(Exercise) Copy the data that follows exactly as it is, excluding all pictures.

Start of Given information

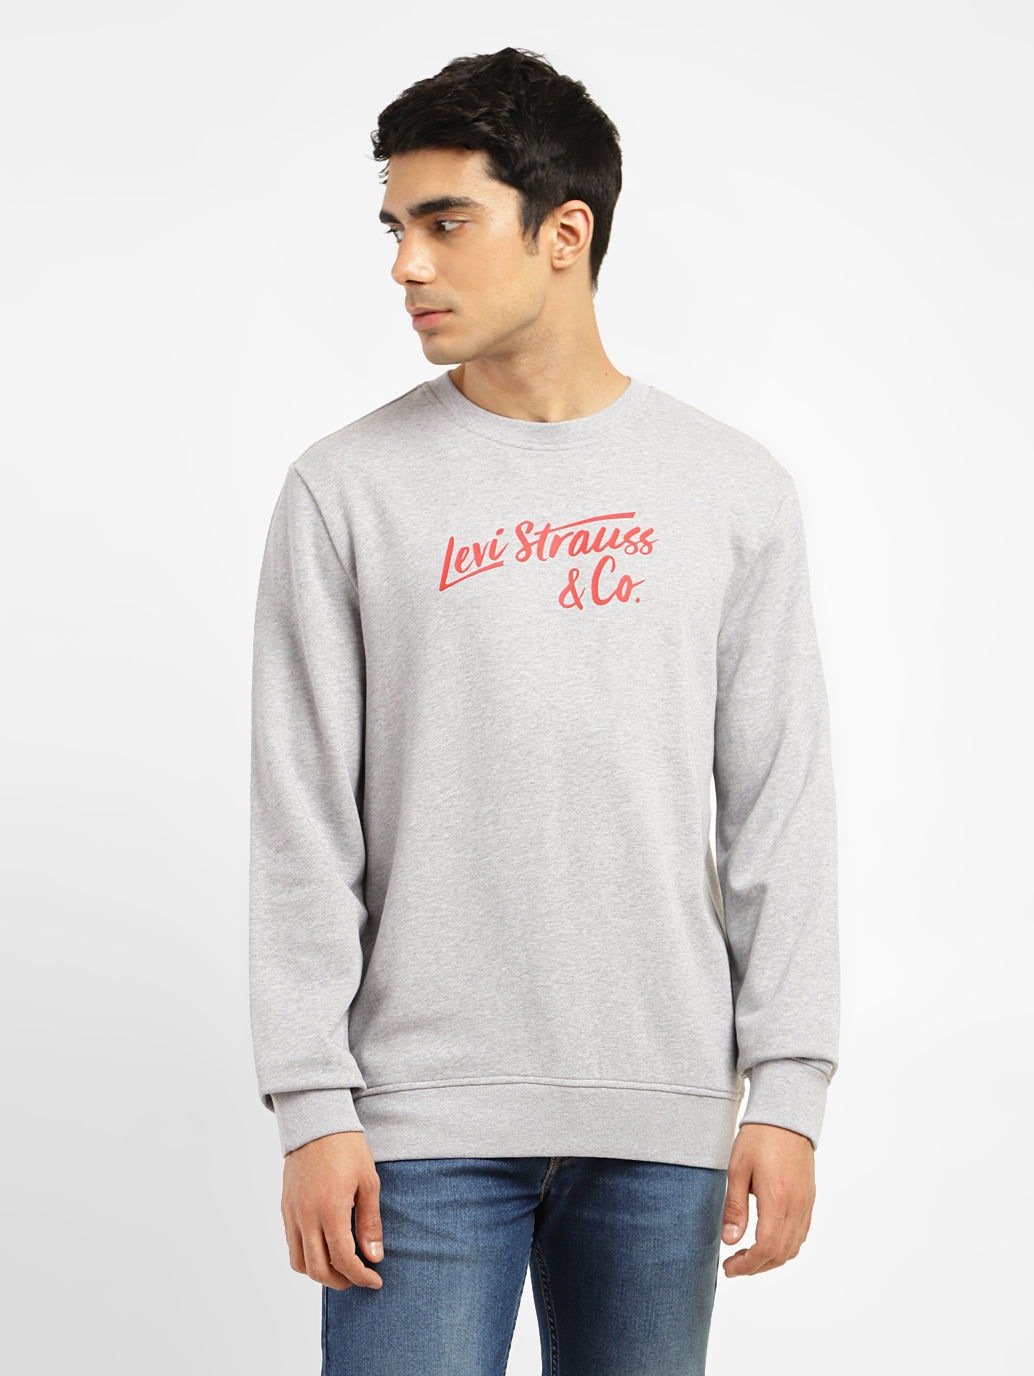 Men's Graphic Print White Crew Neck Sweatshirt – Levis India Store
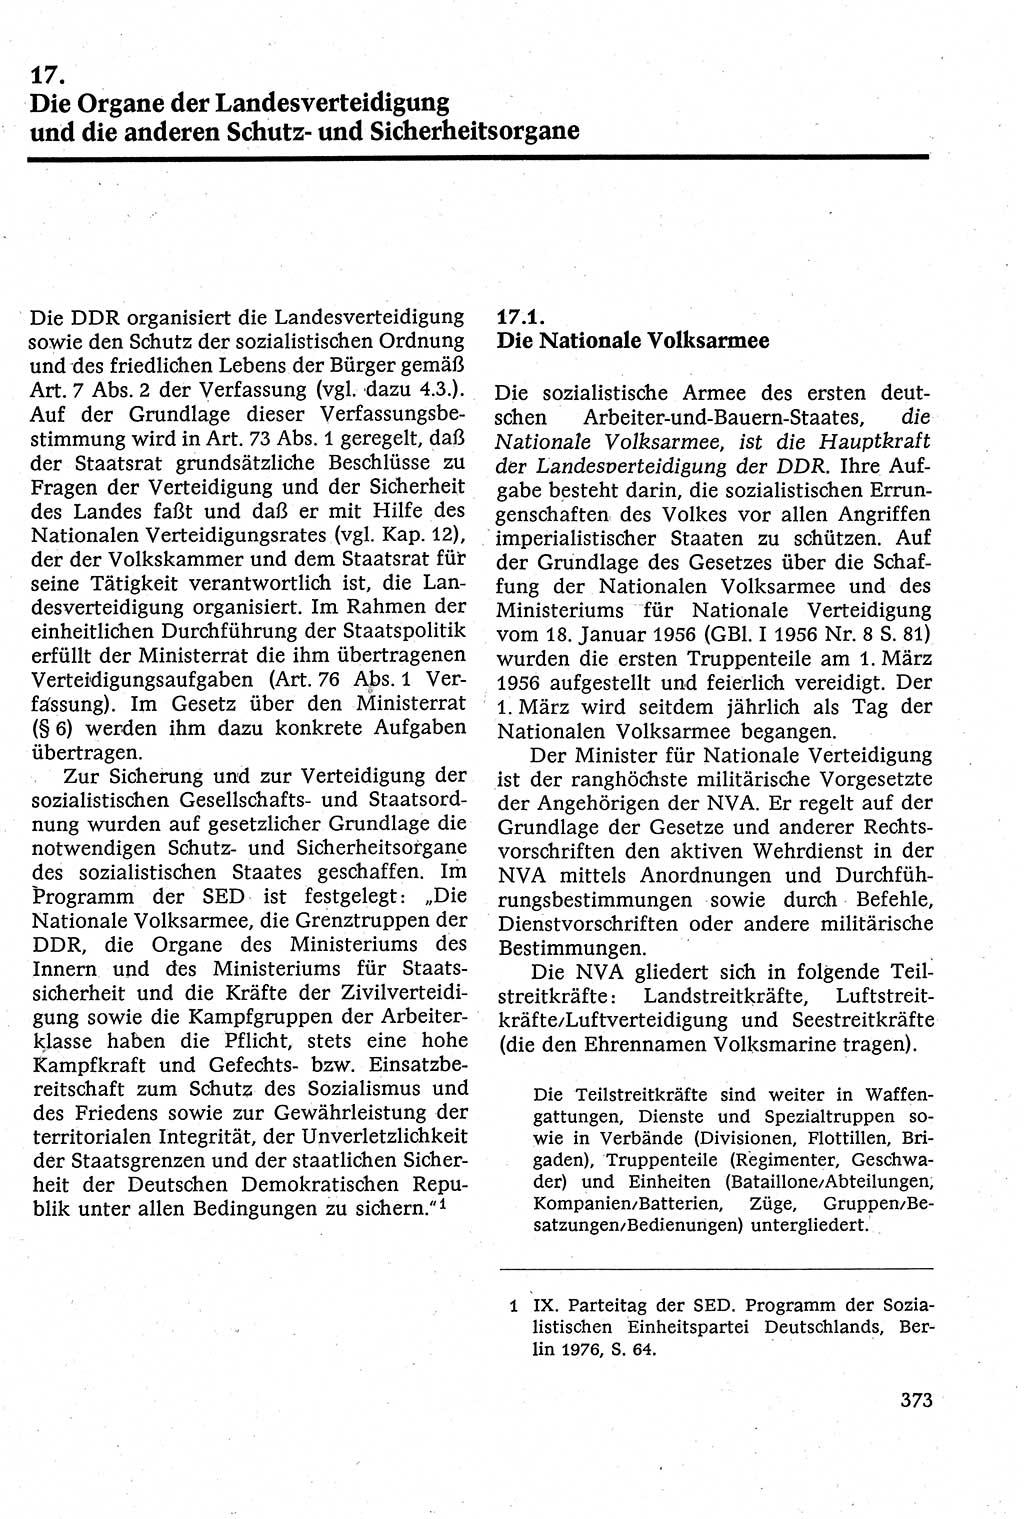 Staatsrecht der DDR [Deutsche Demokratische Republik (DDR)], Lehrbuch 1984, Seite 373 (St.-R. DDR Lb. 1984, S. 373)
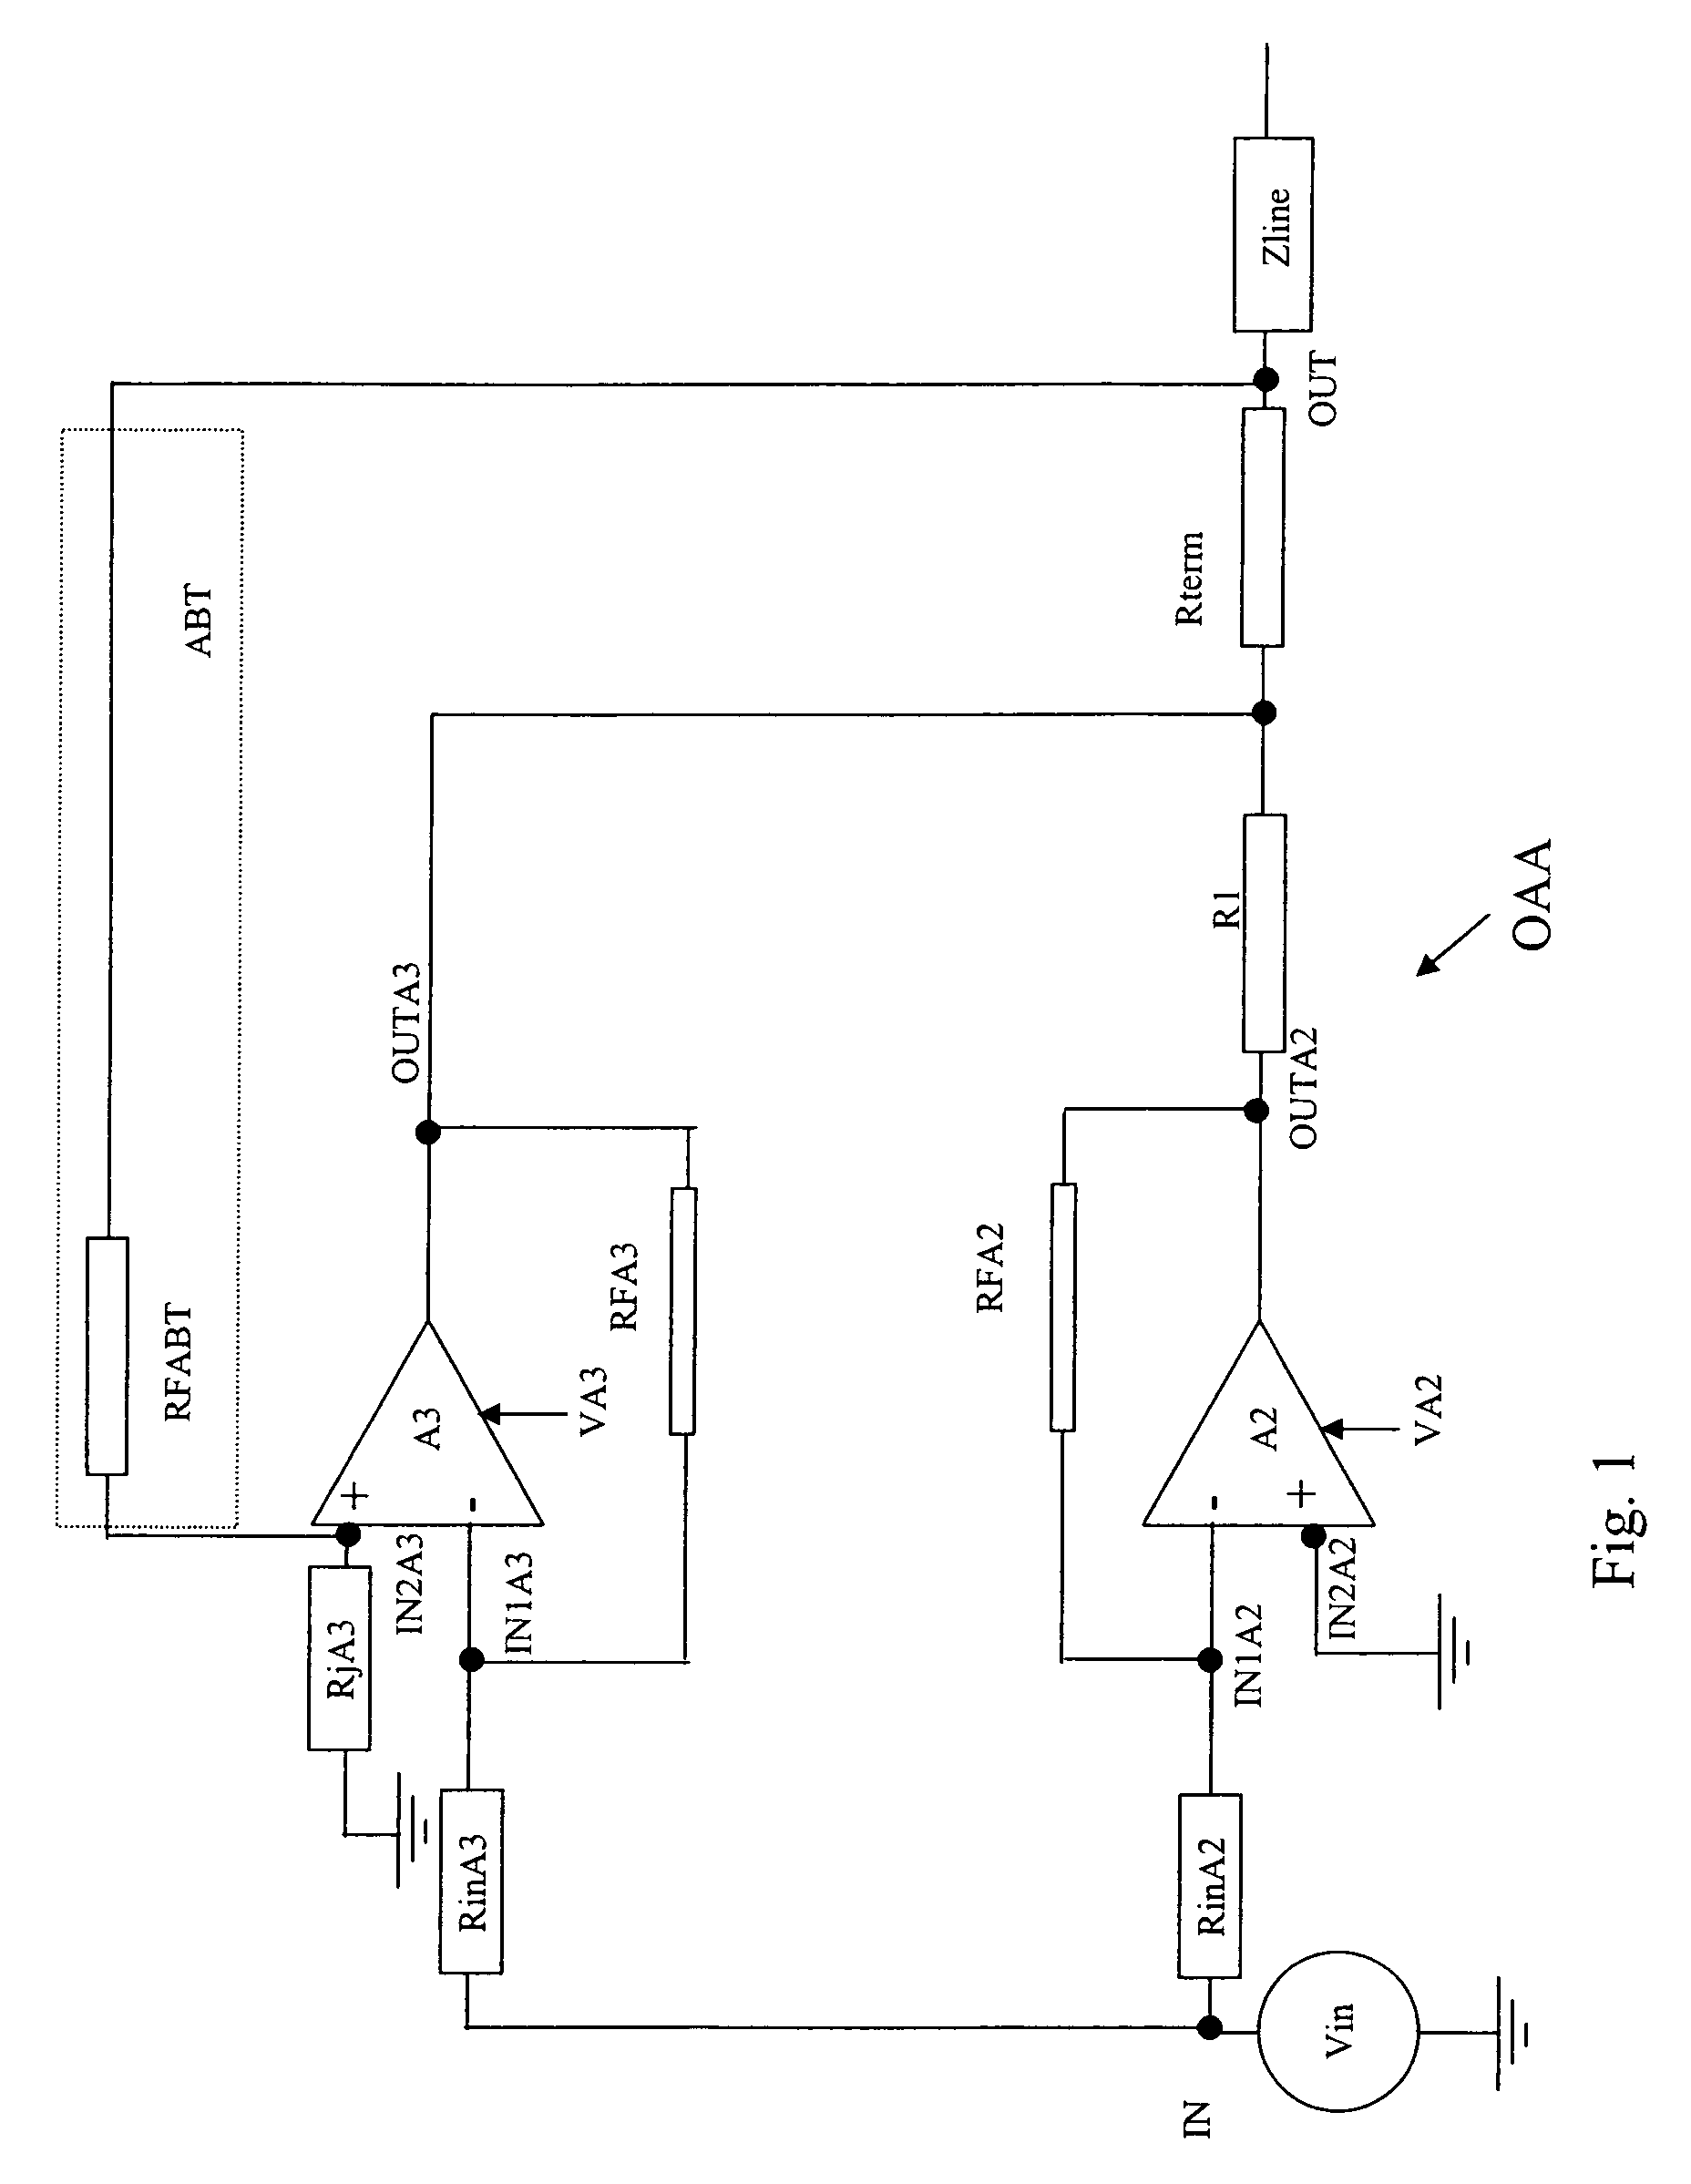 Operational amplifier arrangement

End of Given information

(Output of the task)
 Men's Graphic Print White Crew Neck Sweatshirt – Levis India Store
 Staatsrecht der DDR [Deutsche Demokratische Republik (DDR)], Lehrbuch 1984, Seite 373 (St.-R. DDR Lb. 1984, S. 373)
 Operational amplifier arrangement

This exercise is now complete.